Деталь 1. В первой фразе так и звучит подтекст: «Ну и что с того, что Советский Союз развалился? Государству Российскому не впервой разваливаться, а потом собираться вновь». Путин вроде как подразумевает некий инвариантный контур («ментальную карту») России, который складывался почти тысячу лет и который многонационален и многоконфессионален. На самом деле первые почти пятьсот лет в истории России шло собирание и слияние великорусских племен, а также соседних, которые не были государственно оформлены. Об этом племенном котле нет смысла говорить как о многонациональном и уж тем более многоконфессиональном (все они были либо еще язычники, либо уже христиане, причем православные) государстве. Многонациональной и многоконфессиональной Россия стала в тот момент, когда Иван Грозный присоединил к Московскому царству другое (и в национальном, и в конфессиональном отношении) государство – Казанское ханство. И с этого же времени, по мнению большинства исследователей, Россия становится – по существу, а не по самоназванию – империей. Так что «ментальная карта», которая предносится внутреннему взору Путина и отражает такую же у среднего россиянина, является картой совсем не Российской Федерации, а именно Российской империи.

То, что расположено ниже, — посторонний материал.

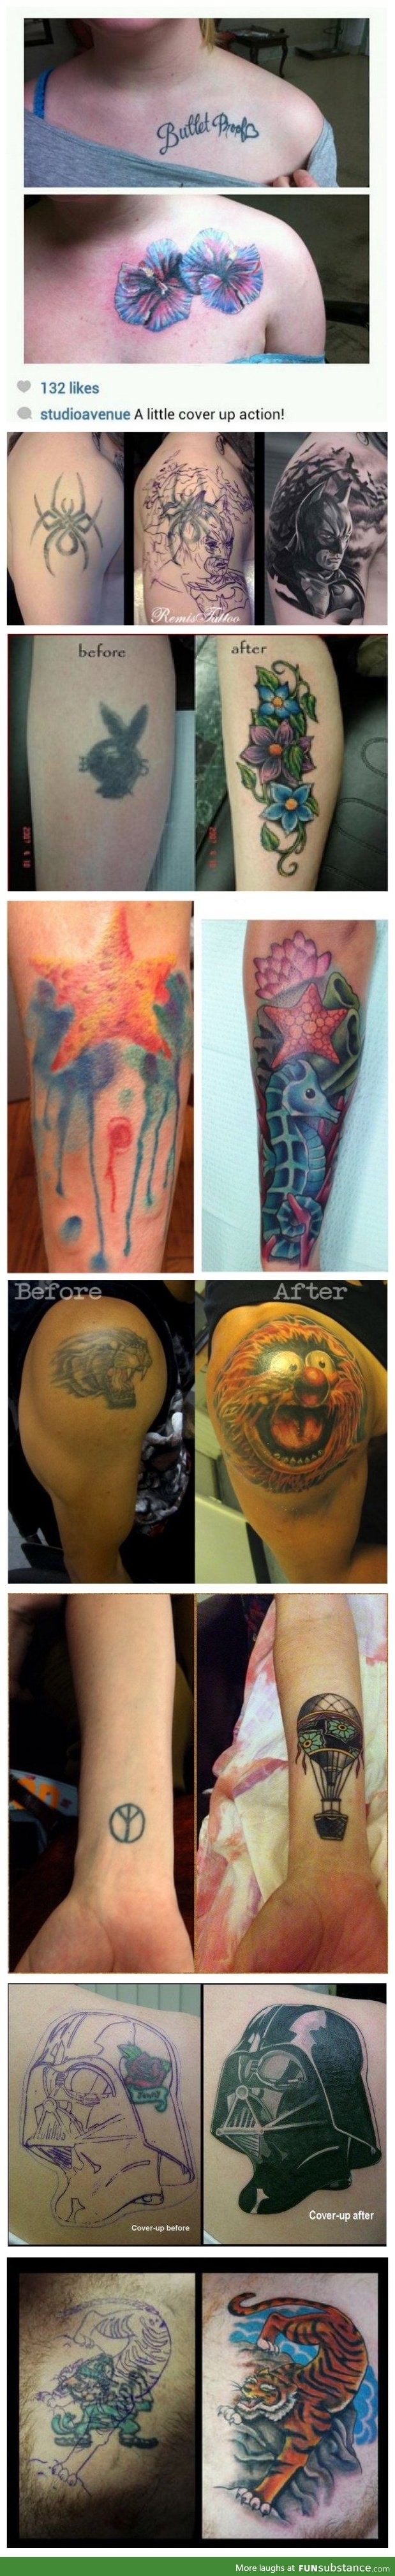 Before/after tattoo mistakes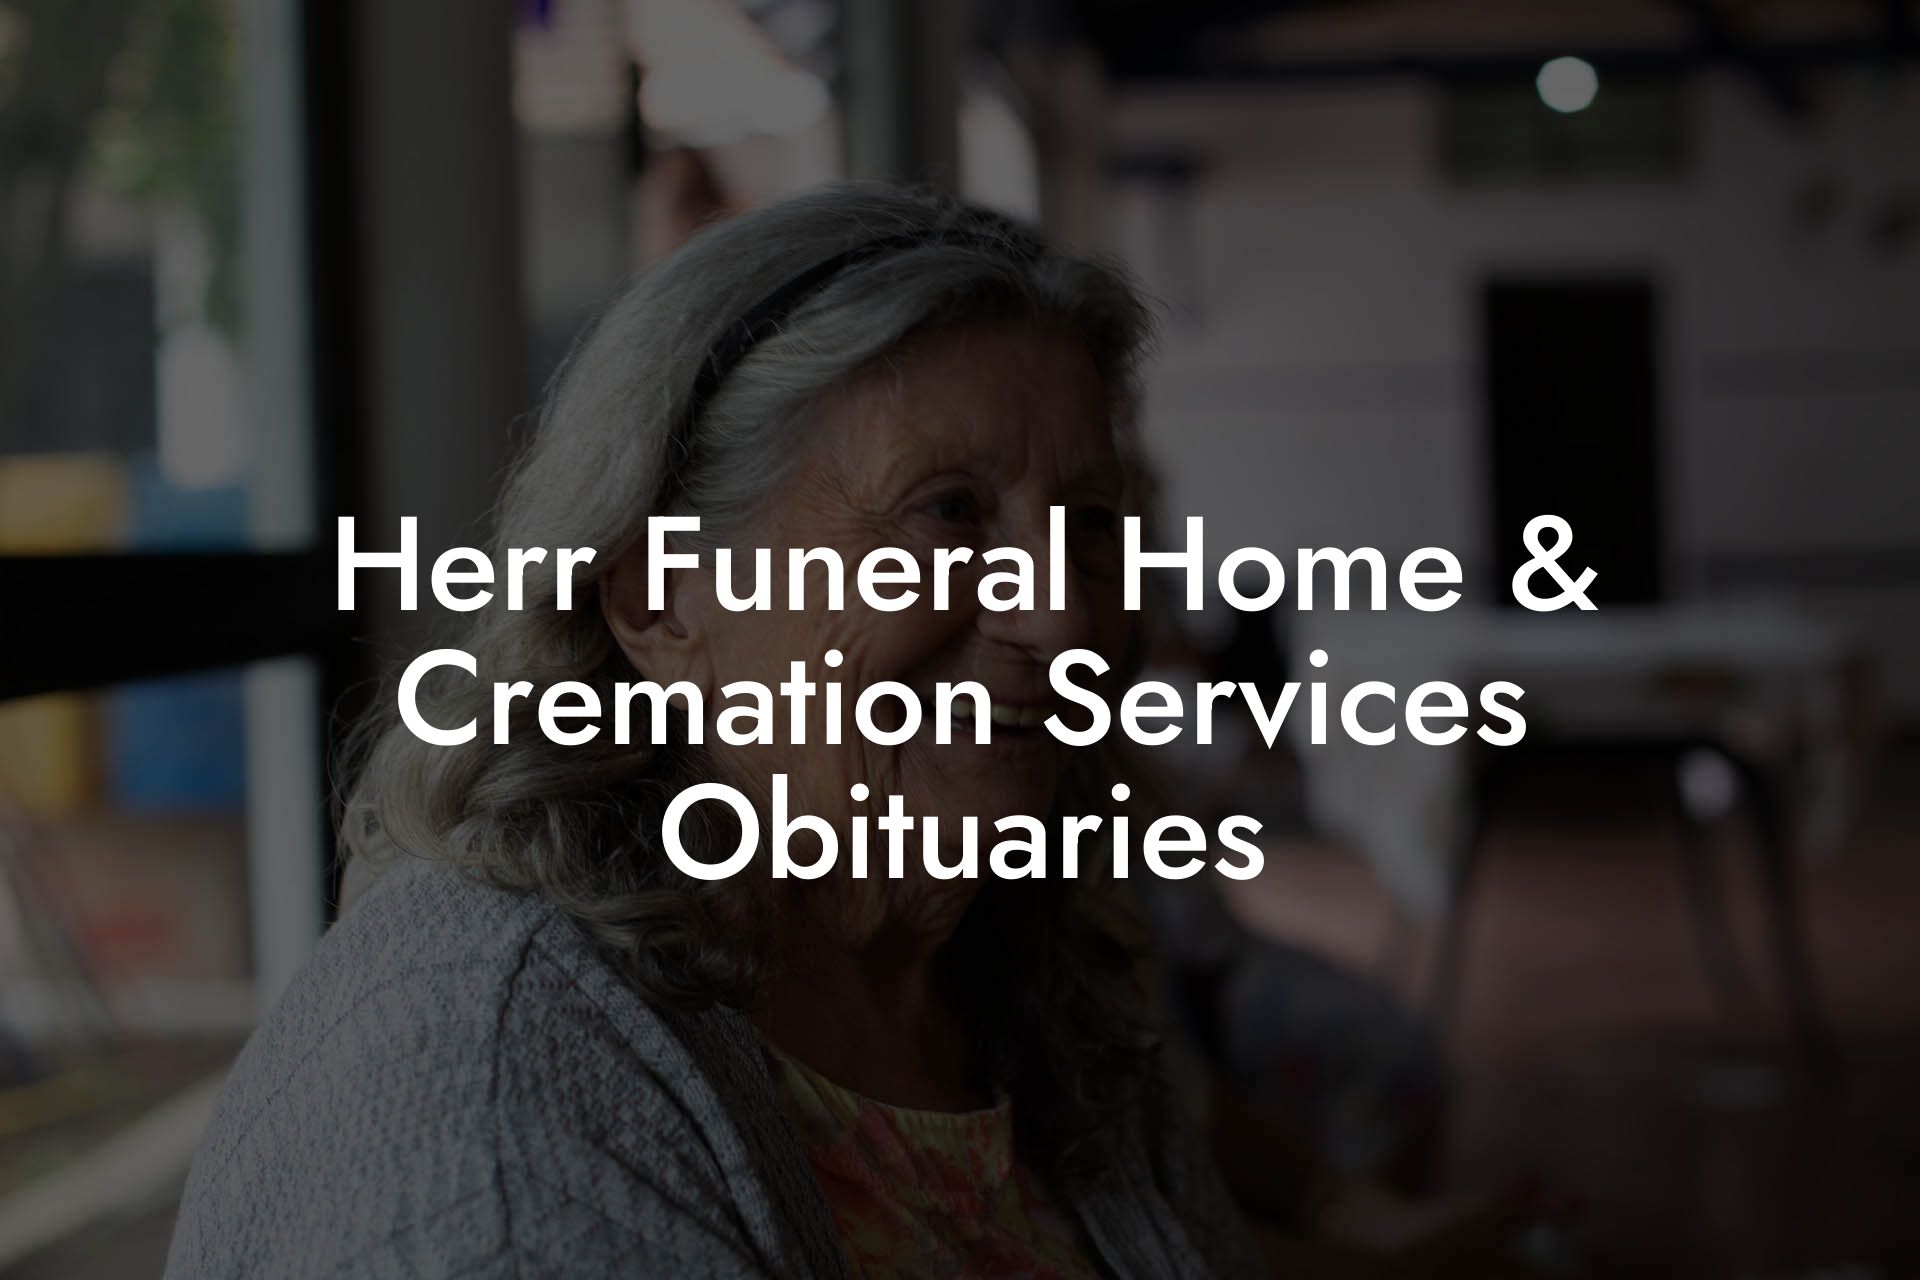 Herr Funeral Home & Cremation Services Obituaries

Деталь 2. ВВП говорит о среднеазиатских республиках и тем самым настраивает (или сам настраивается) на большое пространство. Действительно, территории «Туркестана» являются для нас именно Средней (!) Азией, когда входят в имперское пространство, и становятся Центральной (!) Азией, когда Казахстан, Киргизия, Узбекистан, Туркмения и Таджикистан позиционируются как новые независимые государства (ННГ). Или так: в какой мере указанные республики являются в воображении среднего российского гражданина частями империи, в той же мере они и остаются среднеазиатскими республиками. Так же как в имперском пространстве Латвия, Литва и Эстония были прибалтийскими республиками, а в качестве ННГ стали балтийскими.
Деталь 3. «В сознании среднего российского гражданина…» – говорит Путин. И здесь уместно по-иному взглянуть на разницу между русским и российским. Понятно, что ВВП не мог употребить термин «русский человек», так как наше государство – а речь о нем – многонациональное. В понятиях воображаемой географии национальная территория (или «идеальное отечество» – по предложению А. Миллера) никогда не совпадала с государственными границами будь то Российской империи или Советского Союза. Но в данном контексте «российский» в соотнесении в «русским» приобретает дополнительный смысл. Если «русский», то речь идет о национальном проекте, в рамках которого подразумевается-таки ассимиляция всех иных народов, живущих на территории «национального государства». А если нельзя ассимилировать, то лучше отказаться и выключить их из состава государства. Если «российский», то речь идет именно об имперском проекте, в рамках которого подразумевается естественная ассимиляция, но если те или иные народы по разным причинам ассимиляции не поддаются, то включается механизм аккультурации. Именно аккультурация является базовой практикой в империи, а не ассимиляция. П. Б. Струве в свое время писал о том, что термин «российский» является «имперским обозначением»: «Этот космополитизм очень “государственен”, ибо “инородцев” (в значении нацменьшинства. – А. К.) нельзя ни физически истребить, ни упразднить как таковых, то есть нельзя сделать “русскими”, а можно лишь восприять в единое “российское” лоно и в нем упокоить».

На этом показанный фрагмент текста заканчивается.